The Dice Goblin Gains A New Dice Bag

My dad wore a tie to work almost every day of his adult life, and still had a vast collection when he passed away in 2019. My mum asked if I’d be interested in them, but a) I wear a tie for job interviews approximately once every three or four years, and b) I don’t have a lot of storage in my flat. Ergo, I took an old Phantom tie my father loved (for sentimental reasons) and passed on the rest.

Rather than give the ties to goodwill, my mum partnered with a crafty friend to give the surplus new life. They transformed some into cushions, which my sister and I received as Christmas gifts, but there was still plenty of tie fabric left over. My sister elected to get another cushion, but I have about as much need for cushions as I have a need for neckties, so I passed on that as well.

Instead, we had a quick brainstorm about possible transformations that would fit into my life. “What would be really useful,” I said, “would be a dice bag for all my gaming dice. The pencil case I’ve been using for the last few years has never really fit them all.”

I didn’t think about it much after that. Then, last month, Allan of pop culture artifact generators Type40 kicked off a weekly. Pulp Cthulhu campaign and I was reaching for dice every Sunday. The limits of my set-up were being tested, regularly, and coming up short, and I’d started searching for various replacements online.

Thankfully, I hadn’t pulled the trigger on buying one, because the first words out of mum’s mouth when we gathered for dad’s memorial birthday dinner were “I’ve got your dice bags for you.”

There’s two of them, which means I can split my dice collection into a d10-intensive Call of Cthulhu bag and a more general DnD bag. It may mean buying a few extra rounds of dice to bulk things out (oh no!), but it’s nice to be carrying a little piece of my dad along to every game.

Current Gamer Kit

I’ve spent the last five or six years running Marvel Heroic at our weekly game sessions, which usually meant carting around a buttload of dice and ten years worth of game notes every time we had a session.

When that campaign ended last month, we transitioned to John Harper’s Blades in the Dark–a game about gangs of scoundrels in a pressure-cooker fantasy city where every bit of turf needs to be fought for with a scrap.

The group built themselves around the conceit of being a a cult devoted to an ancient cat goddess, the three core members consisting of an immigrant lawyer dealing in ghost rights, an immigrant academic who is basically Indiana Jones with feline features, and an immigrant locksmith whose turned into the crime-savvy burglar of the crew.

In the space of three sessions they’ve got involved in a gang war, pissed off a local consulate, found themselves embroiled in the affairs of several vengeful ghosts, and attacked people with ghosts, ghost-bombs, spectral honey badgers, and impressionable college students.

I’ll give the system this: it excels at generating hooks from play, and what seems like relatively straightforward system is surprisingly complex when you start playing. I’m really digging the tone–we’re a little more anime action than the default system seems built for, but the slow sense of the characters miring themselves in the muck as they try to do good is definitely seeping in.

The the thing that really pleases me is how lightweight the whole system is. I’ve got a game folder that is on the verge of being sidelined, as I basically need the core rulebook, a handful of dice between sessions, and two notebooks (one for brainstorming, one for tracking things session by session).
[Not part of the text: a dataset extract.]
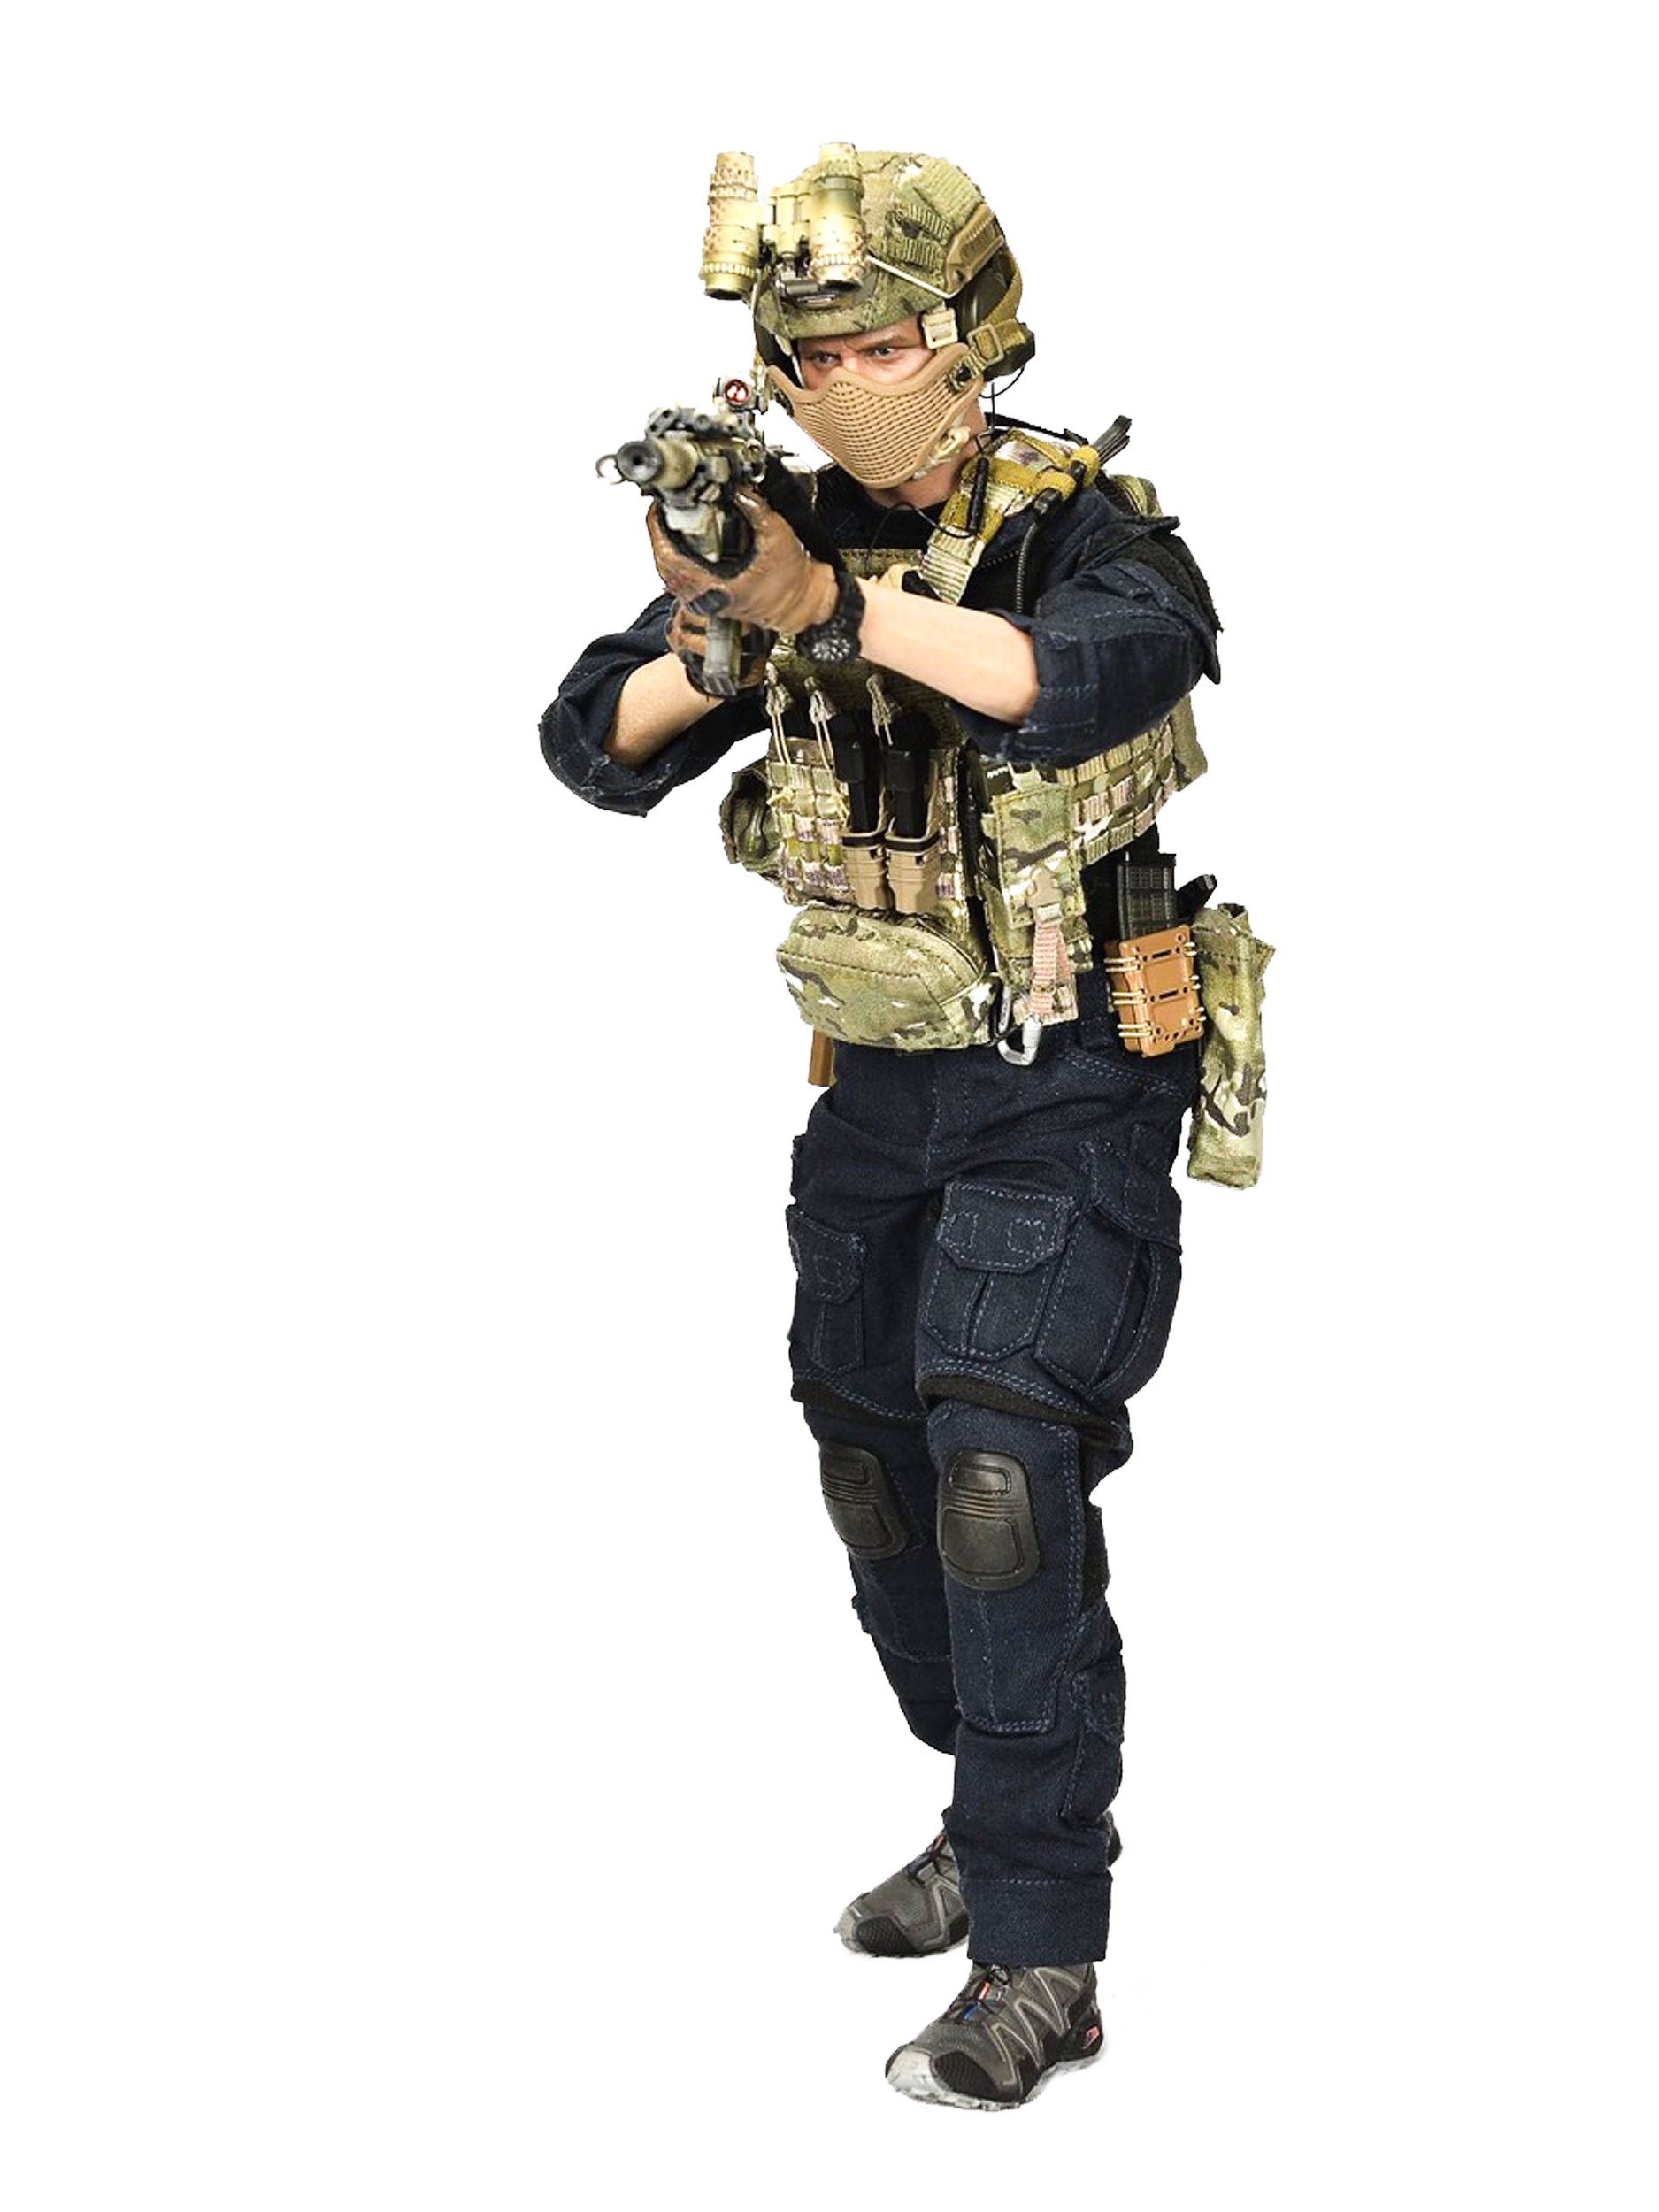 Easy &amp; Simple - 26022S - Special Air Service Counter Revolutionary Warfare - Assaulter (Green Wolf Gear Exlusive) - Marvelous Toys

I’m very late to the party for this one, but if you’re a gamer with an interest in stories and spec fic, I heartily recommend this one.

Putting the Gamer Hat Back On

We recently dug out the big box o’ board games here in Casa Del Brain Jar, separating out everything that we can rock with two players and working our way through them. I haven’t played board games regularly in about six or seven years—not since my primary board-gaming friends decamped for Melbourne for good—and I have a bad tendency towards playing other people’s games when I do.

Then we spent a week playing Zombies!!! and Killer Bunnies and my partner’s copy of the pirate-themed card game Splice, and my brain started poking at board games I might want to pick up soon. My partner started researching games and identifying those that looked interesting.

At the same time, I’ve been poking at new RPG systems for the first time since 2011. Getting familiar with the Blades in the Dark system so we can pick it up in place of our now-completed-after-nine-years Thursday Night Superhero Campaign. Kicking the tyres on a Shadowrun game I might run at some stage.

And it’s funny—for a few years, I didn’t really feel like a gamer. I played games every now and then, but I wasn’t really part of a gaming community in the same way I had been as a younger man. I didn’t get excited about new releases of games, didn’t go searching for new opportunities, and didn’t really gather to talk about them online or at conventions. The part of my brain that used to be all about gaming communities got subsumed by writing fiction, and there weren’t enough spoons to manage the gaming stuff on top.

One of my goals for 2019—often interrupted and hard to get back to—was trying to recapture that feeling of being part of a larger community. Putting my gamer hat back on, after years of being writing-focused.

It’s happening slowly, but it’s getting there.